Was für Konsequenzen folgen daraus? So gut wie keine. Oder anders gesagt: Genausoviel, wie Obama jetzt verspricht: kosmetische Veränderungen an den Geheimdiensten und am Führen von V-Leuten, hier und da werden Leute ausgewechselt, ein Geheimdienstinsider soll im Kanzleramt die Geheimdienste besser koordinieren (was auch immer das heißen mag) und das Parlamentarische Kontrollgremium soll (!) mehr Kompetenzen bekommen. Das System als solches wird hingegen kaum – abseits von Teilen der Grünen und Linken – in Frage gestellt. Die Auflösung der unnützen und sogar schädlichen Dienste wird nicht mal ernsthaft diskutiert. Eine Demokratrisierung, die durchgängige Transparenz – was faktisch einer Abschaffung von Geheimdiensten gleich käme – steht seitens der Regierung und der sie stützenden Parteien im Bundestag auch nicht zur Debatte. Auch das Nichtreagieren der Regierung in dieser Sache erklärt sich dadurch, dass man die Schnüffelei in der Tat nicht sooo schlimm findet und die ganze Aufregung in (Teilen) der Bevölkerung nicht nachvollziehen kann. Als Exekutive macht man das nämlich jeden Tag selbst und kriegt regelmäßig die Berichte zu lesen.

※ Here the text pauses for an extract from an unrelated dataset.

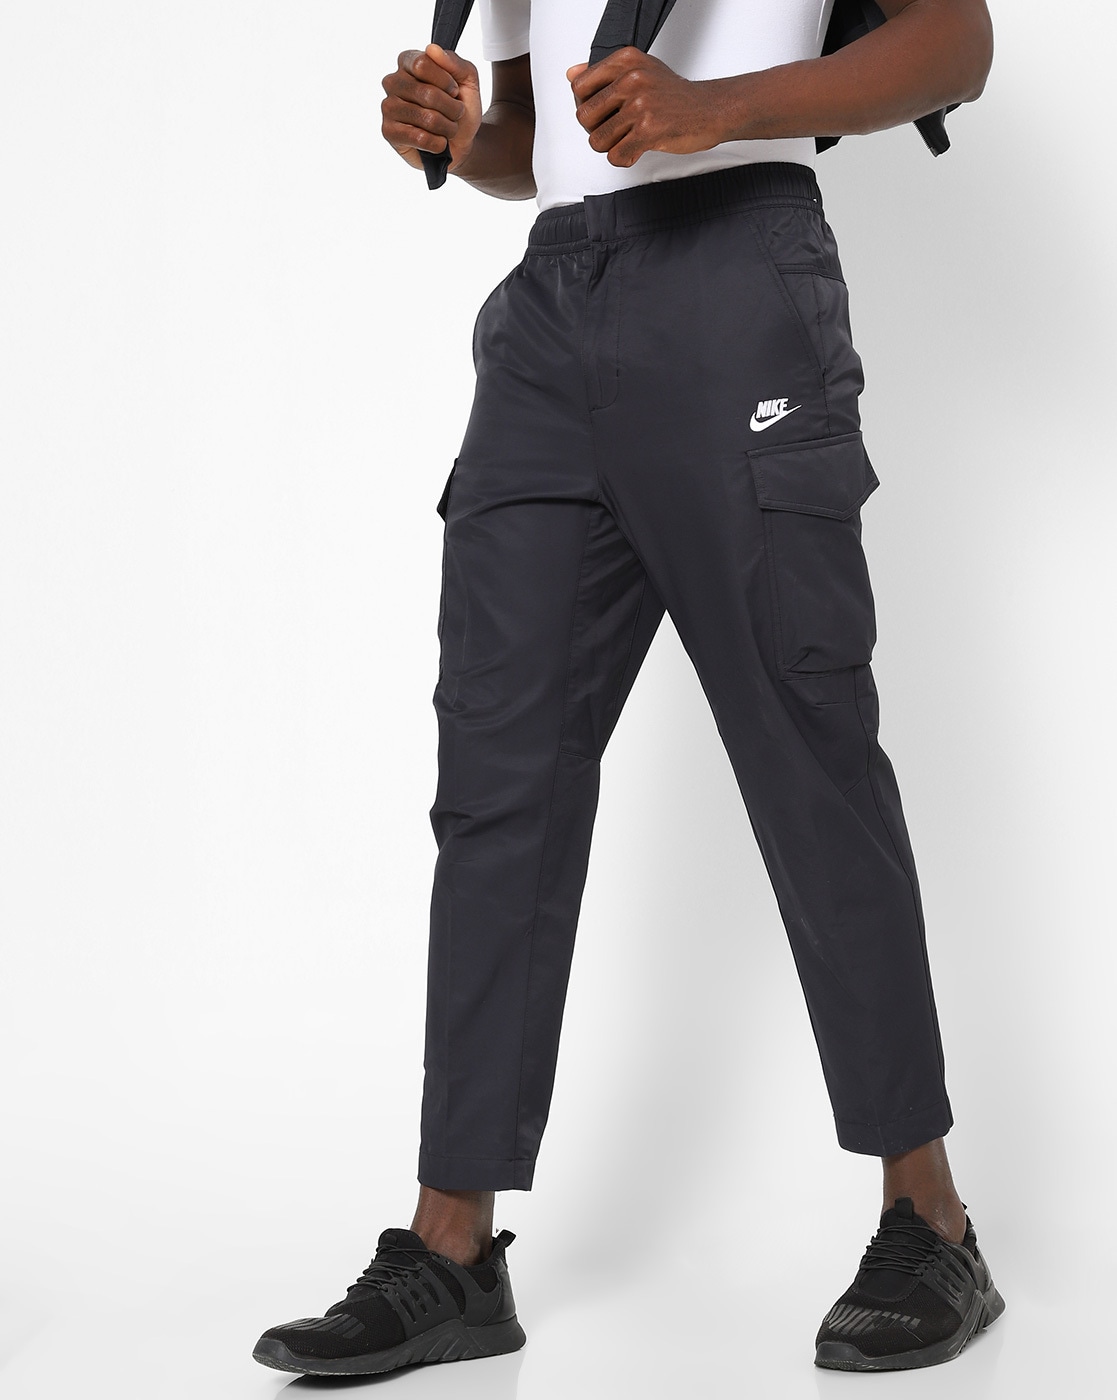 Top more than 164 nike utility running pants latest - in.eteachers

Die ganze Diskussion um die NSA ist unehrlich. Einerseits will man von Regierungsseite überhaupt keine Affäre sehen und hält alles für mehr oder weniger unbewiesene Behauptungen und nutzt dieses Argument ja auch, um zu erklären, warum man sich so handzahm gegenüber den USA gibt. Andererseits stellt man die eigenen Geheimdienste nicht in Frage, mault aber rum, wenn Obama seine Geheimdienste nicht einschränken will. Freiwillig wird keine Regierung ihr letztes unreguliertes und nahezu unkontrolliertes Spielzeug hergeben. Das werden wir als Bürger uns erstreiten und erkämpfen müssen.